# Complex numbers

i am to find the 4th roots of -16

$$(-16)^{1/4}=2i^{1/4}$$
$$i=e^{i \pi/2}$$
$$i^{1/4}=e^{i \pi/8}$$
$$(-16)^{1/4}=2e^{i \pi/8}$$
or
$$(-16)^{1/4}=2e^{i 5\pi/8}$$
or
$$(-16)^{1/4}=2e^{i 9\pi/8}$$

is this correct?

As far as it goes. Where is your fourth 4th root?

the fourth root of -16 is $$2e^{i 9\pi/8}$$

didnt i show that?

Hurkyl
Staff Emeritus
Gold Member
If that's the fourth 4th root, then where's your third? You've only written three roots down, so you're missing at least one of them!

I'm not sure I understand. I am to find the 4th root of -16, not the fourth 4th root. and (-16)^(1/4) is the fourth root of -16, so I'm not sure what else is needed since $$(-16)^{1/4}=2e^{i 9\pi/8}$$

Hurkyl
Staff Emeritus
Gold Member
I am to find the 4th root of -16
In the original question, you said you're supposed to find the 4th roots of -16. As in all of them. How many 4th roots does -16 have? How many have you shown?

$$(-16)^{1/4}=2e^{i 9\pi/8}$$
I guess I'm not up on the convention for this stuff, but I would say that this is wrong. I would say the L.H.S. is multivalued, and denotes all fourth roots of -16, and the R.H.S. is a single value, denoting one fourth root of -16. Thus, it wouldn't be appropriate to write an equality there.

I see, so they are equal but just not equal in showing ALL the fourth roots of -16 right?

well that's like saying sin^-1(1/2) doesn't equal pi/6, because it also equals 5pi/6 and, well, so on

Hurkyl
Staff Emeritus
Gold Member
well that's like saying sin^-1(1/2) doesn't equal pi/6, because it also equals 5pi/6 and, well, so on
I agree. Lots of silly mistakes are made because people forget that the inverse of the sin function is multivalued.

HallsofIvy
Homework Helper
UrbanXrisis said:
I see, so they are equal but just not equal in showing ALL the fourth roots of -16 right?
What??? "they are all equal but just not equal"???

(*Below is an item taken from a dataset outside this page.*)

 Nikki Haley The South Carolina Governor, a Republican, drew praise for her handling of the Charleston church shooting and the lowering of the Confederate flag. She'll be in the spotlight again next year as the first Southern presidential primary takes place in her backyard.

Any number has 4 distinct fourth (complex) roots. For example the fourth roots of 1 are 1, -1, i, and -i. You were asked to find all of the fourth roots of -16. ("i am to find the 4th roots of -16")
You only showed three in your original post.

$$(-16)^{1/4}=2i^{1/4}$$
is wrong. The principle root of 16 is, of course, 2 but -1 is not equal to i!
What you should have written was
$$(-16)^{1/4}= 2(-1)^{1/4}$$
Now, what are the 4 distinct fourth roots of -1?

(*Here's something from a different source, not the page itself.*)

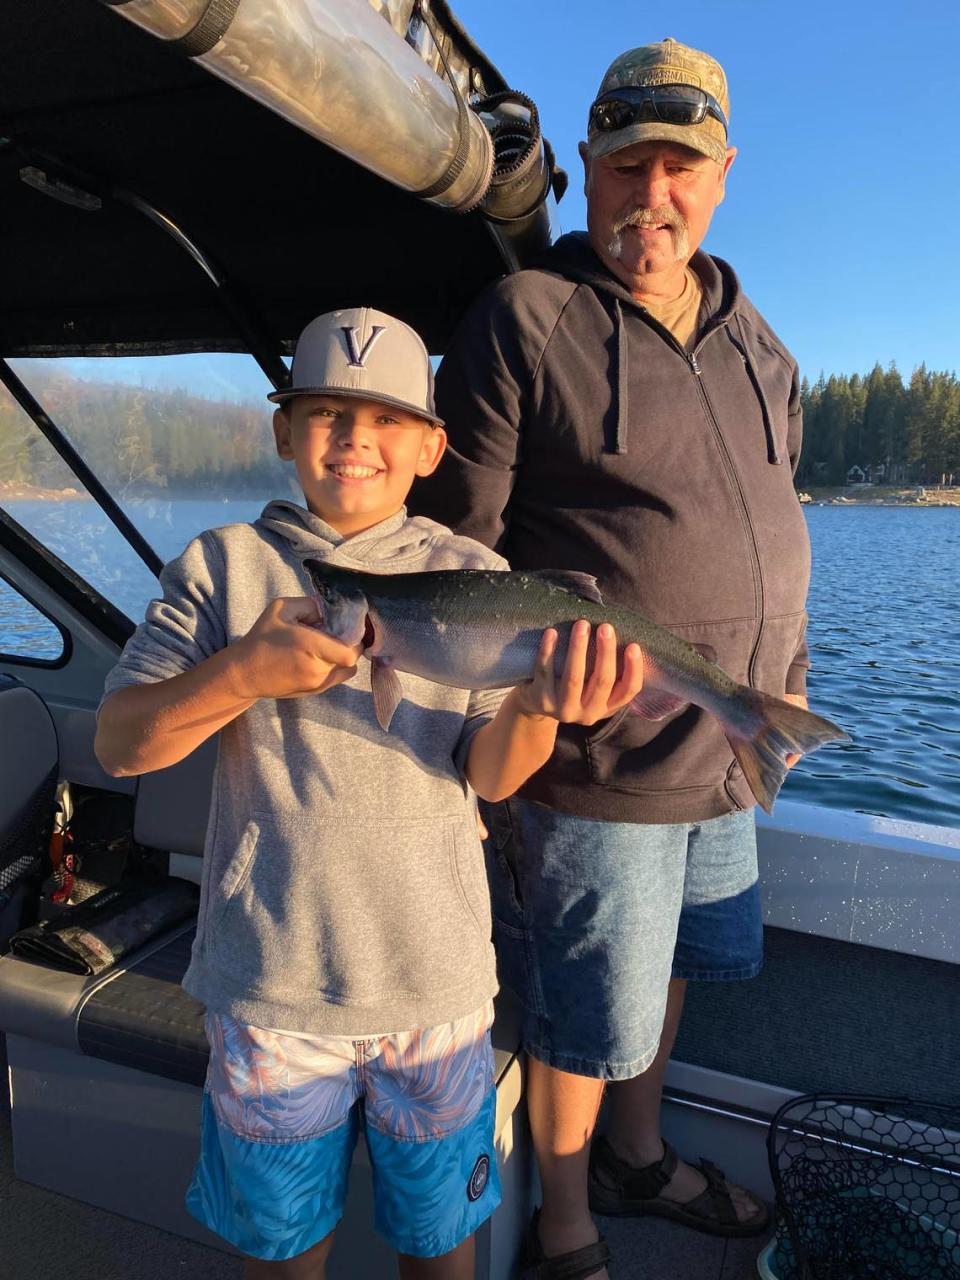 Ten year-old Reed Schiebelhut, fishing with his grandpa on Shaver Lake on Aug 6, landed his first kokanee which measured 20 inches.

$$(-1)^{1/4}=e^{i \pi /4}$$
$$(-1)^{1/4}=e^{9i \pi /4}$$
$$(-1)^{1/4}=e^{17i \pi /4}$$
$$(-1)^{1/4}=e^{25i \pi /4}$$

right? so that:

$$(-16)^{1/4}= 2e^{i \pi /4}$$
or
$$(-16)^{1/4}= 2e^{9i \pi /4}$$
or
$$(-16)^{1/4}= 2e^{17i \pi /4}$$
or
$$(-16)^{1/4}= 2e^{25i \pi /4}$$